2 sample Poisson Test

Hi everybody.
I've been trying to replicate some tests that I use in Minitab in R/RStudio.
This time I got the 2 sample Poisson Test.
Situation: "An analyst for the postal service wants to compare the number of customer visits at two post offices. The analyst counts the number of customers that enter each office for 40 business days."
(See below the data used in this analysis)

Performing the analysis I've got the same p-value for both analysis:
R: p-value = 0.03107
Minitab: P-Value 0.031
(Well, I hope I've performed the test in R in the correct way).

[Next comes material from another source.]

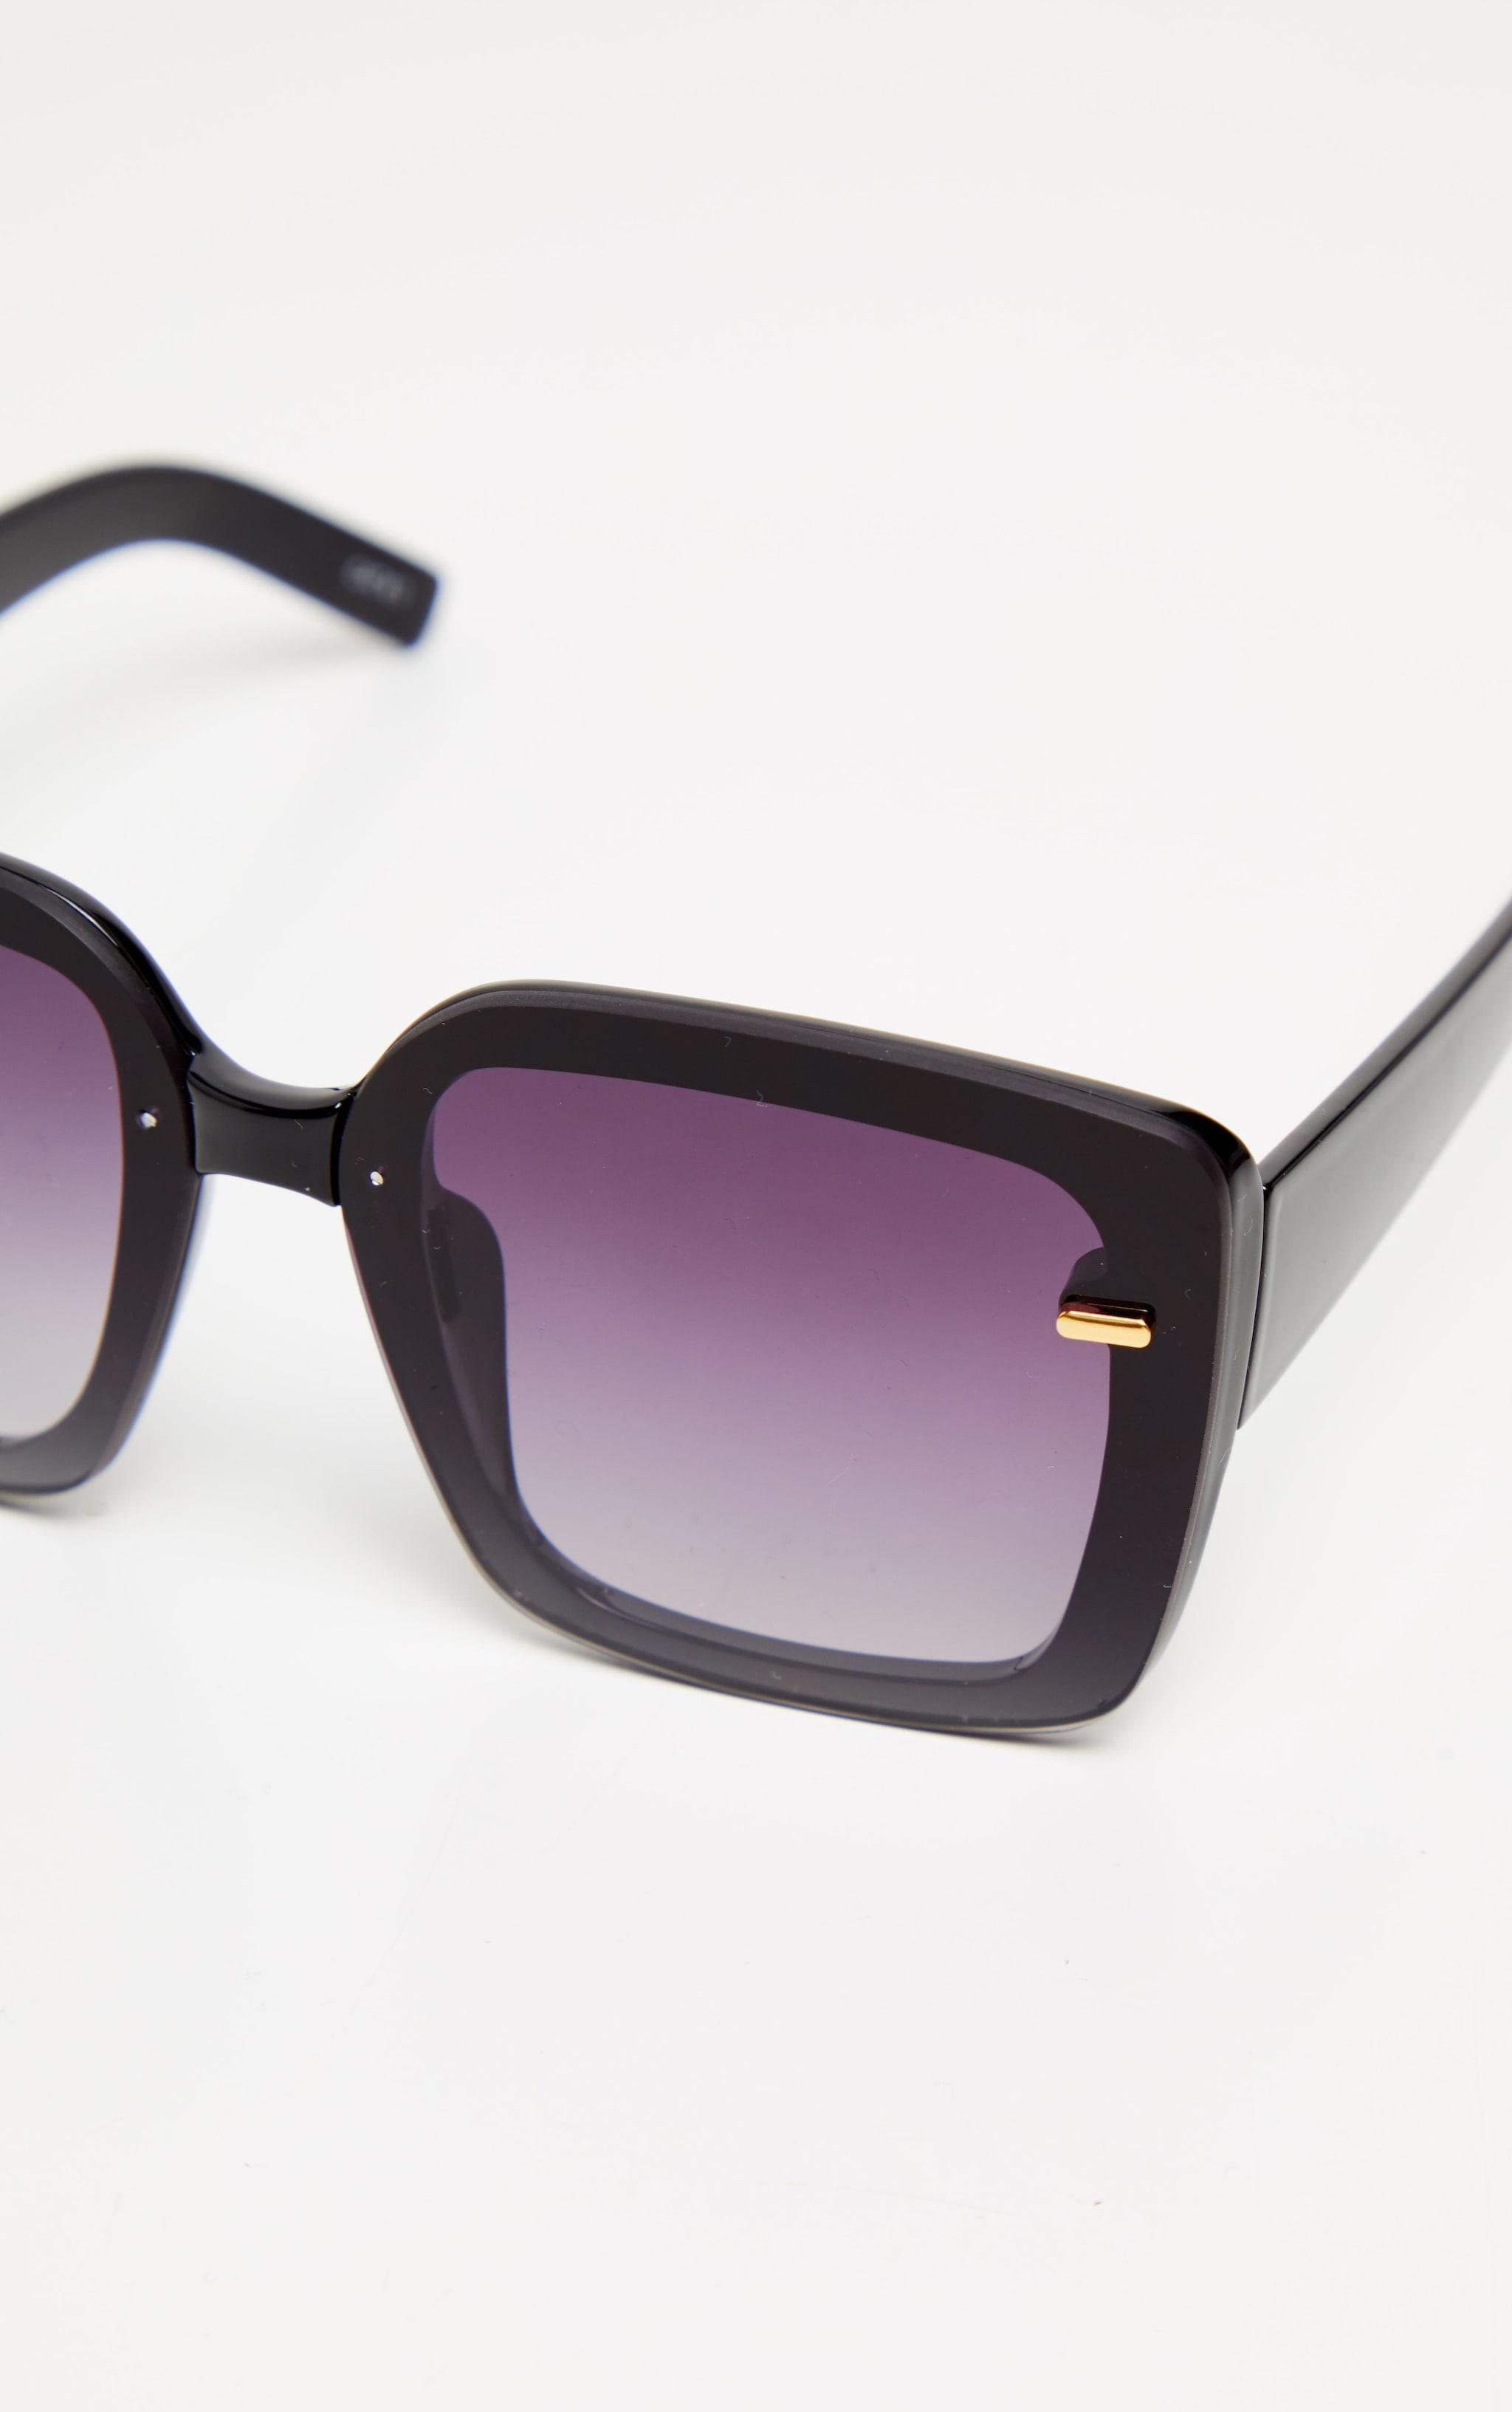 Black Oversized Gold Trim Square Frame Sunglasses 3

My point is the Confidence Interval (CI).
I undestand what the CI means and the interpretation for that but I don't know why the CI results are different.
Any commnents will be helpful.
Thank you.

See below the complete analysis' results for the Poisson test.

R's Results

poisson.test(c(sum(BranchA), sum(BranchB)), c(40, 40),
alternative = "two.sided", conf.level = 0.95)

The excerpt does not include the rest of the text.